As a 5-foot-3/4-inch petite woman, until recently I’ve always accepted my minority status in the fashion world.
Growing up, I learned through the models that I saw in catalogs and fashion magazines that clothes were made for and the domain of taller women. I’d come to accept some givens of life, like when I shop for clothes 1) I’ll have to alter most of what I buy, and 2) I’ll have fewer stylish selections to choose from and they’ll range from clothing with a girlish ruffle sewed on every possible square inch of material, or matronly sweaters with an overabundance of appliqued fruits and vegetables across the chest.
I’d even gotten used to a blasé kind of treatment by sales personnel. Last week I went to a well-known women’s clothing store chain. I hadn’t been there in a few months and I couldn’t find the petite section. I asked a salesperson if she could tell me where they had moved their petite section. The salesperson looked at me and pointed toward the misses section. I said, “You’ve mixed the petites in with the misses? That makes a lot of retail sense, huh?”
She shrugged her shoulders.
I added, “So now, for petites, it’s fend for yourself clothing?”
She didn’t seem to understand why I was irritated and frankly, insulted. I believe it’s the underlying belief that the industry holds about petite shoppers: that those harmless, docile, slightly embarrassed small women will take anything that we give them.
But we won’t or we shouldn’t! Not anymore.
After the shopping incident I did a bit of research and discovered that I’m actually in the majority!
According to the National Center for Health Statistics, the average woman’s height is 5’4”. Some estimates suggest that there are approximately 100 million petite women in the United States that are categorized as “fit, curvy and plus-sized”! Another shocker I discovered is that the fashion industry-preferred standard size of women at 5’9” and taller only represent 3 percent of women.
And, according to analysts, petites are a $9 billion industry. So, why do I often come home after a weekend of shopping feeling vexed, disrespected and downright disappointed? The fact is that retailers haven’t caught up with this new reality and that tradition, inertia and lack of consumer organizing all play a role.

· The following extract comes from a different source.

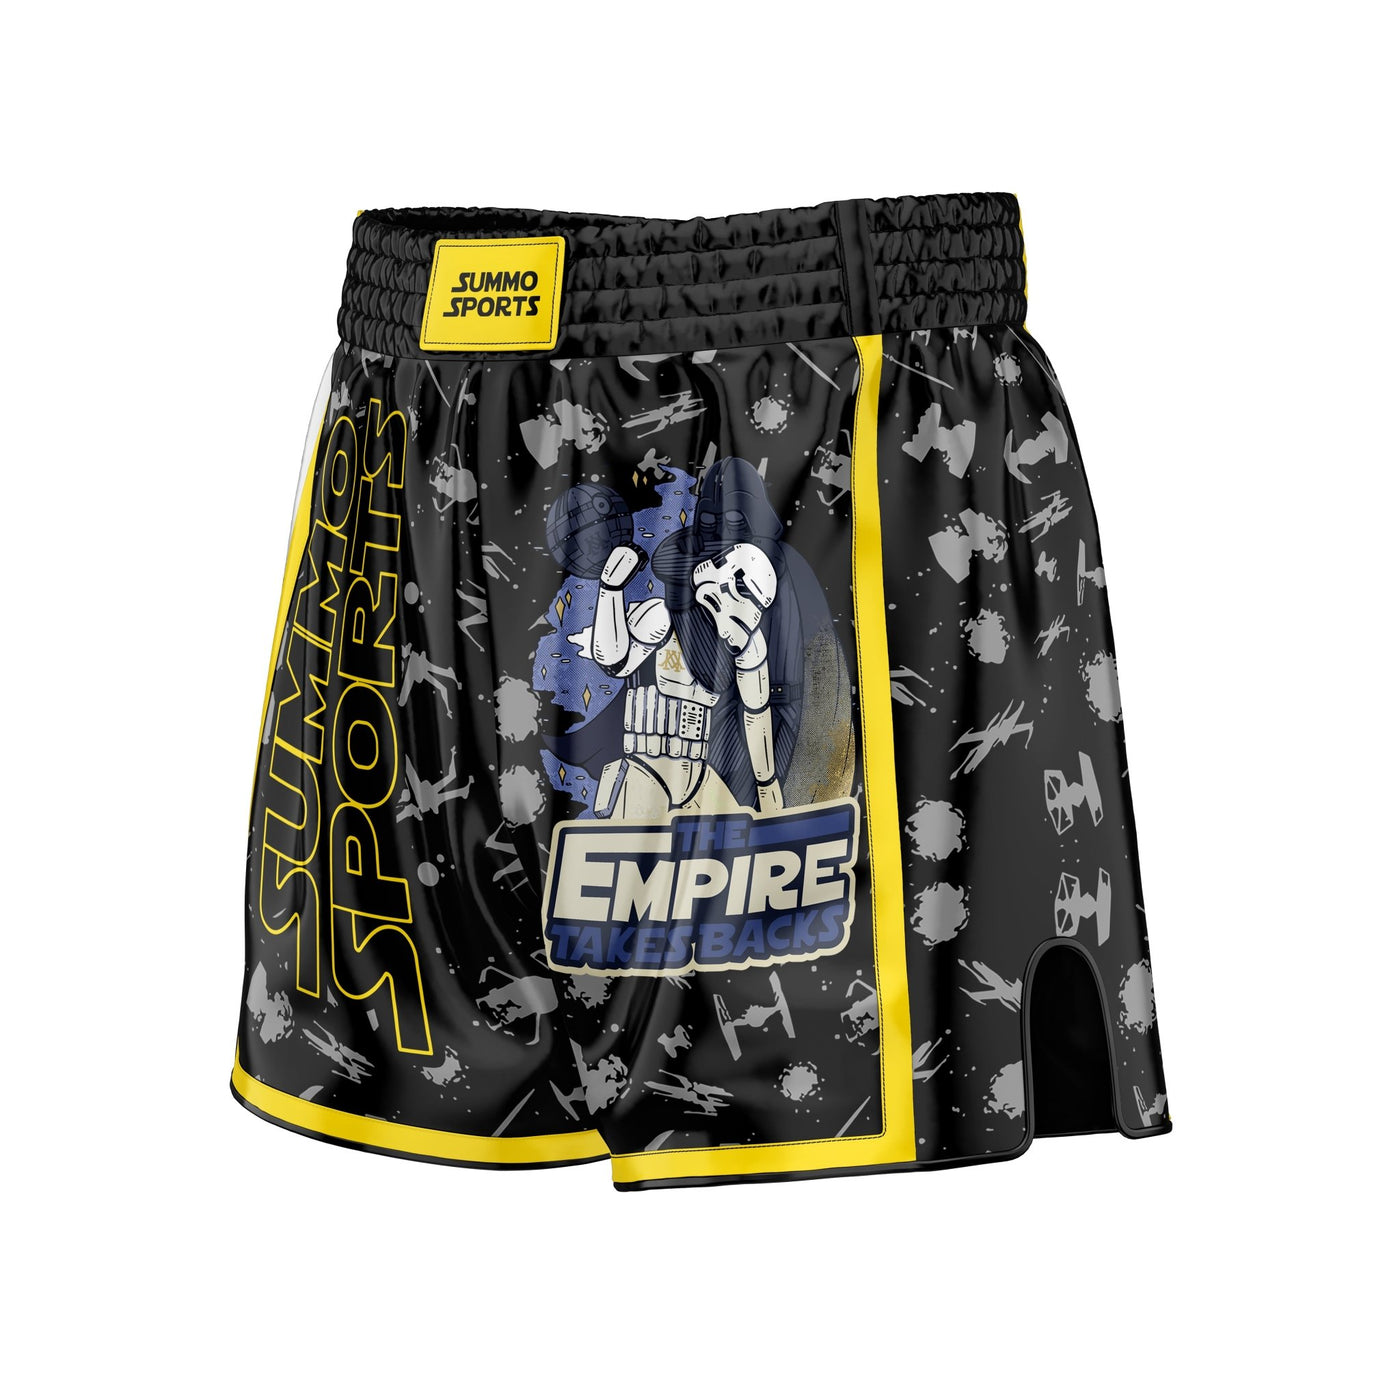 Galactic Grapplers Muay Thai Shorts - Summo Sports

There is a glimmer of hope as several new online sites feature designers offering limited lines for petites. Also there is the lifesaver petitefashionista.com that provides up-to-date links to name-brand designers and stores that sell petite clothes. But this is just a drop in the bucket and does nothing to combat the lack of equity of representation in major department stores. Several years ago Neiman Marcus, Saks Fifth Avenue and Bloomingdale’s all made news when they downsized their petite departments.
I know the retailers have been in the “big girl” pride moment for the last decade, focusing on the plus-size market, and that’s great. Monique, Star Jones, and Ricki Lake, you go girls. But, where’s our contests, catalogs, or dare even I say magazines? As a girl I use to dream of entering the Miss Petite America pageant (yes there was such a contest, you had to be 5’ 4” and under to compete in it).
Retailers and pageant hosts, where’s the love?
Maybe petite women need our own reality show to get noticed, a hybrid of “What Not to Wear” meets “Survivor” where fashion designers are brought to an island and forced to come up with stylish lines of clothing with nary a ruffle or piece of appliqued fruit in sight. Or, maybe the trick is to get a hip-hop song promoting our needs.
If pop culture is not the way then effective organizing might be the key. I’ve been thinking about the following: Petites United for Fashion. So, the acronym would be PUFF, probably too cutesy – but it’s a start. Our chant would be, we’re here, we’re petite – dress us!